Humans | AI | Peer review. The triangle is changing.

Following up on my promise of 2 in a week, here’s the second instalment of all things peer review and AI. Alongside this newsletter I’m also working on a presentation for the SSP meeting next month which is going to focus on the concept of personal peer review lenses. Stay tuned for more on that.

4th April 2026

1//
AI-assisted Reviewing is Necessary and Should be Open

Open AI Review - Mar 2026 - 10 min read

I came across Chenhao Tan’s blog post via a LinkedIn post promoting OpenAIReview - an automated peer review platform which performs in a similar way to many other automated review platforms - but with one difference - this is open.

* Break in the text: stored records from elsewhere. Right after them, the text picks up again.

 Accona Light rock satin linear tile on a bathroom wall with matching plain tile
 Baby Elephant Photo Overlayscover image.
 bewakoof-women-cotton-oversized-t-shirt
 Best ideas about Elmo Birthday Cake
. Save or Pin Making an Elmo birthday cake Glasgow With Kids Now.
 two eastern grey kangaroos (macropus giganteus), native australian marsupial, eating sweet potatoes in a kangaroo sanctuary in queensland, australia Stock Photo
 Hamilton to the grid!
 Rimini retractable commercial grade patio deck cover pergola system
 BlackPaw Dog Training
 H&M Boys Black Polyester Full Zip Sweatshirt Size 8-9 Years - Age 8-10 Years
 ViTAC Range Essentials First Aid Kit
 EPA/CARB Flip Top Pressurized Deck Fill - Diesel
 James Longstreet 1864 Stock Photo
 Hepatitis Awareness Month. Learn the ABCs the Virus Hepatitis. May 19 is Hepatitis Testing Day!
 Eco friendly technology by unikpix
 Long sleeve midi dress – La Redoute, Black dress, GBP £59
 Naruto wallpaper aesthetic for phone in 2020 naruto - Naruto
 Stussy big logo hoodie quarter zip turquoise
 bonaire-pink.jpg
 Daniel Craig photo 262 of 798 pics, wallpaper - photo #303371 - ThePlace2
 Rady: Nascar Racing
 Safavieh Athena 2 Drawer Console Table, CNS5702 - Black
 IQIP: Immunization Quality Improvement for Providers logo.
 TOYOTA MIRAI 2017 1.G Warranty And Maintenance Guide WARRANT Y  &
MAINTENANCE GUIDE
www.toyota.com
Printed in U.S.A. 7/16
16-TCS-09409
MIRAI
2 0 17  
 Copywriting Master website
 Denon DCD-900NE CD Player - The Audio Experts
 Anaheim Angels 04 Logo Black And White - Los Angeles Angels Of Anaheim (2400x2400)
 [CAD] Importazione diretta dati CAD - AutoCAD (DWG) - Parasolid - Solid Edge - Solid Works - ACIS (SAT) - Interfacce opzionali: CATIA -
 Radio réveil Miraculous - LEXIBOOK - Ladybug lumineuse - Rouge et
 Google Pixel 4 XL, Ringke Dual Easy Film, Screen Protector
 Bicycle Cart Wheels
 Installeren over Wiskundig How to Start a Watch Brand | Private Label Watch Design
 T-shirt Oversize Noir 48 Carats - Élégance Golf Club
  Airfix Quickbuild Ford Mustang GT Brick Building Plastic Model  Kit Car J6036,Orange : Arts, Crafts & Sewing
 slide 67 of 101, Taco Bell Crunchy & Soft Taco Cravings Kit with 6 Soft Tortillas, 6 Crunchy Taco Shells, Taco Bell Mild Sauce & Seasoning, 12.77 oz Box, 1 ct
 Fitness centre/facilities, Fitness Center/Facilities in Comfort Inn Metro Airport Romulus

He first posits that AI review is necessary, then lays out his arguments for making things open: to promote equity, customisation, iteration, improvement, and honesty - and they are eloquently elucidated herein. The reports from the web interface are decent and, given the open nature of the code, can be refined and customised.

2//
AI’s Growing Role as Scientific Peer Reviewer

Stanford University - 26 Mar 2026 - 4 min read

A brief interview with James Zou, who has been active in researching the effectiveness of AI peer review, but also was one of the organisers of the recent ‘Agents for Science’ conference where contributions were both written and reviewed by AI agents.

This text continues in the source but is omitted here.